Penibel recherchiert - empfehlenswert
Der britische Historiker Munro Price hat sich intensiv mit dem Untergangs Napoleons beschäftigt. Er gräbt tief in den Archiven von Feind und Freund und fördert bislang unbekannte Fakten zu Tage. Die zahlreichen ...
Der britische Historiker Munro Price hat sich intensiv mit dem Untergangs Napoleons beschäftigt. Er gräbt tief in den Archiven von Feind und Freund und fördert bislang unbekannte Fakten zu Tage. Die zahlreichen Fußnoten belegen die Zitate und erschweren manchmal das Lesen, doch für den an Geschichte Interessierten bergen sie oft viele Hinweise zu weiterführenden Informationen.
Munro Price versucht zu belegen, dass nicht die Schlacht von Waterloo das Ende Napoleons besiegelt hat, sondern viele kleine und größere Ereignisse davor.
Der Autor beleuchtet den Gesundheitszustand des Kaisers der Franzosen, der auf Grund der langjährigen Strapazen angegriffen ist. Er vermutet ein Problem mit der Hypophyse, die er für die Stimmungsschwankungen verantwortlich macht. Besonders seit dem verlorenen Russland-Feldzug verhält sich Napoleon zeitweise depressiv und unberechenbar.
Er bemüht sich dabei größtmöglicher Objektivität und beleuchtet auch die mitunter ambivalenten Aussagen und Handlungen sowohl von Napoleon selbst als auch von Zar Alexander.
In Sturheit und Wankelmütigkeit sind sich die beiden ebenbürtig. Napoleon ist allerdings der bessere Militär, während Alexander nur glaubt ein guter Stratege zu sein.
Sehr schön ist auch die Person des Oberbefehlshabers der alliierten Truppen, Karl von Schwarzenberg, herausgearbeitet. Schwarzenberg wird de facto von Price rehabilitiert, da ihm von den Verbündeten Feigheit und Unentschlossenheit vorgeworfen wurde.

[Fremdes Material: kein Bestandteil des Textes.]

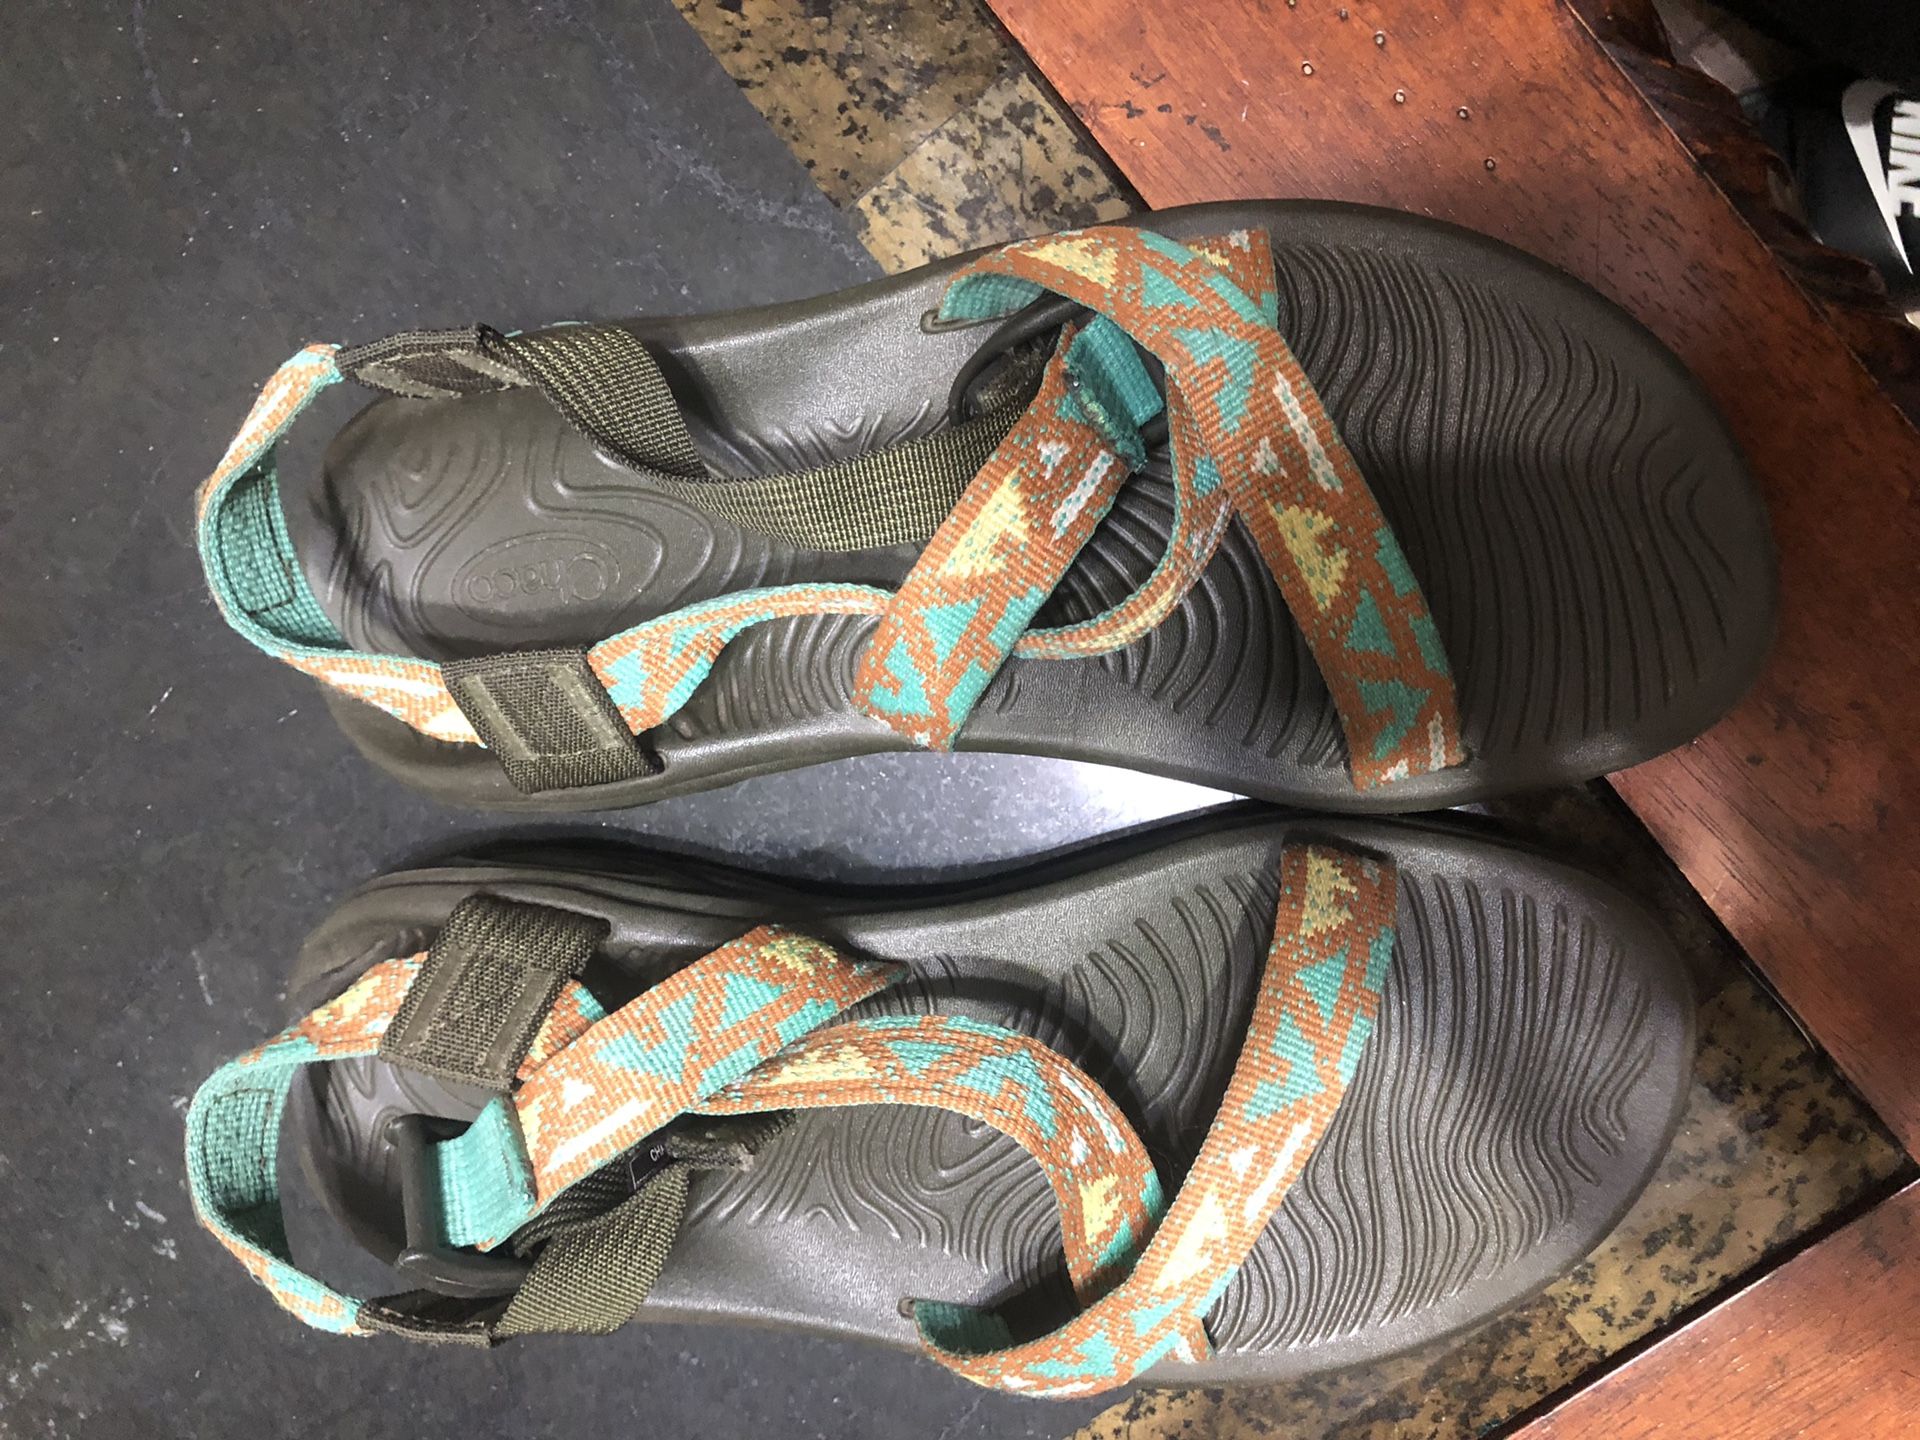 Chaco sandals for women size 8

Eine besondere Rolle kommt auch Clemens Lothar von Metternich zu, der sich – obwohl von mehreren Seiten diffamiert – um einen akzeptablen Friedensplan bemüht. Spätestens vor der Völkerschlacht bei Leipzig hätte es noch die Möglichkeit gegeben, durch die Abdankung Napoleons zu Gunsten seines Sohnes (immerhin ein halber Habsburger) eine Dynastie Bonaparte zu installieren. Allein, der halsstarrige Despot, der nicht erkennen wollte, dass Frankreich und die eroberten Gebiete sowie der Großteil seiner Marschälle genug des Krieges hatten, verhinderte eine vernünftige Lösung.
Nicht ausgespart wird auch die beinahe grotesk anmutenden Befindlichkeiten der Herrscher, hüben wie drüben.
DerTheorie, Napoleon wollte Selbstmord begehen, sowie einem Mordkomplott zu Opfer fallen wird ebenfalls Platz eingeräumt.
Ich habe schon sehr viele Bücher über Napoleon und seine Weggefährten gelesen. Dieses ist ein sehr empfehlenswertes, da der Autor viele Zeitgenossen zu Wort kommen lässt.